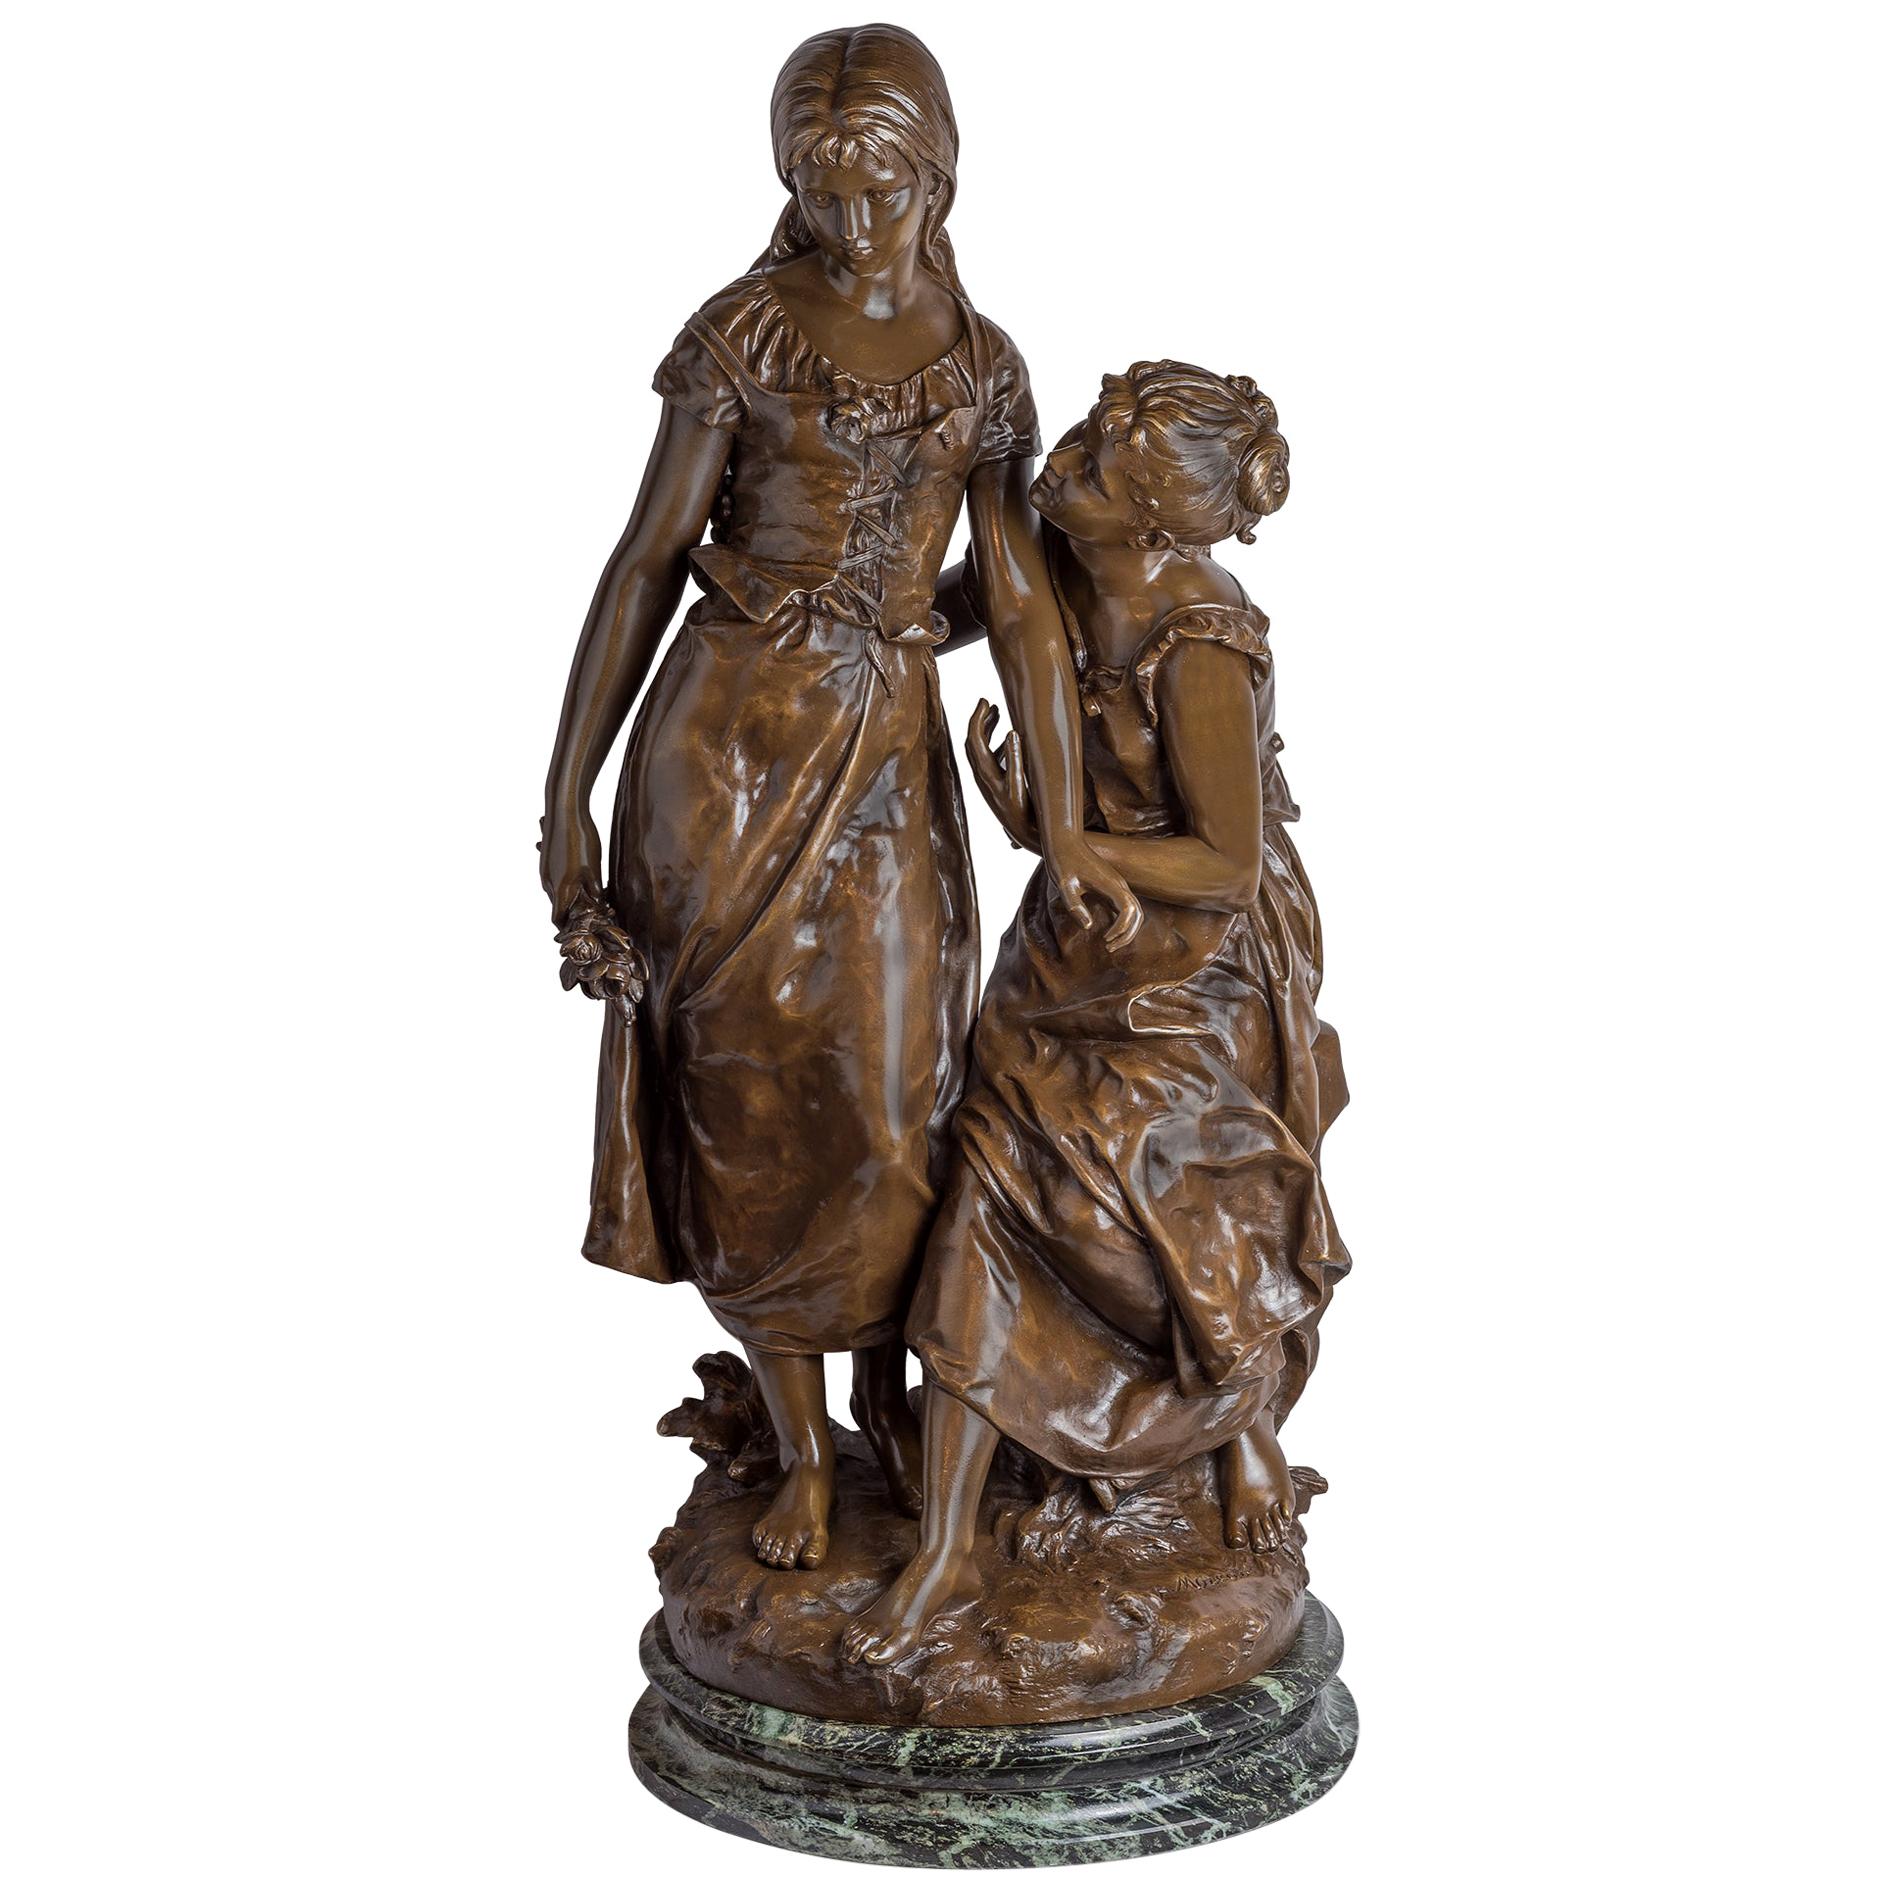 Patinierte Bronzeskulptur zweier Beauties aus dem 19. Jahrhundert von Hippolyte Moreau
━━━━━━━━━━
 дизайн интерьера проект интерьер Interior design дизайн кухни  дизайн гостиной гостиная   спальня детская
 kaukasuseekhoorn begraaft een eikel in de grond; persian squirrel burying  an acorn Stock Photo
━━━━━━━━━━
▶ **Directions for this task**:
Copy word for word the stretch of entries above from the line that has "дизайн интерьера проект" through the line that has "kaukasuseekhoorn begraaft een", both ends included, and nothing outside it.

▶ **Written solution**:
 дизайн интерьера проект интерьер Interior design дизайн кухни  дизайн гостиной гостиная   спальня детская
 kaukasuseekhoorn begraaft een eikel in de grond; persian squirrel burying  an acorn Stock Photo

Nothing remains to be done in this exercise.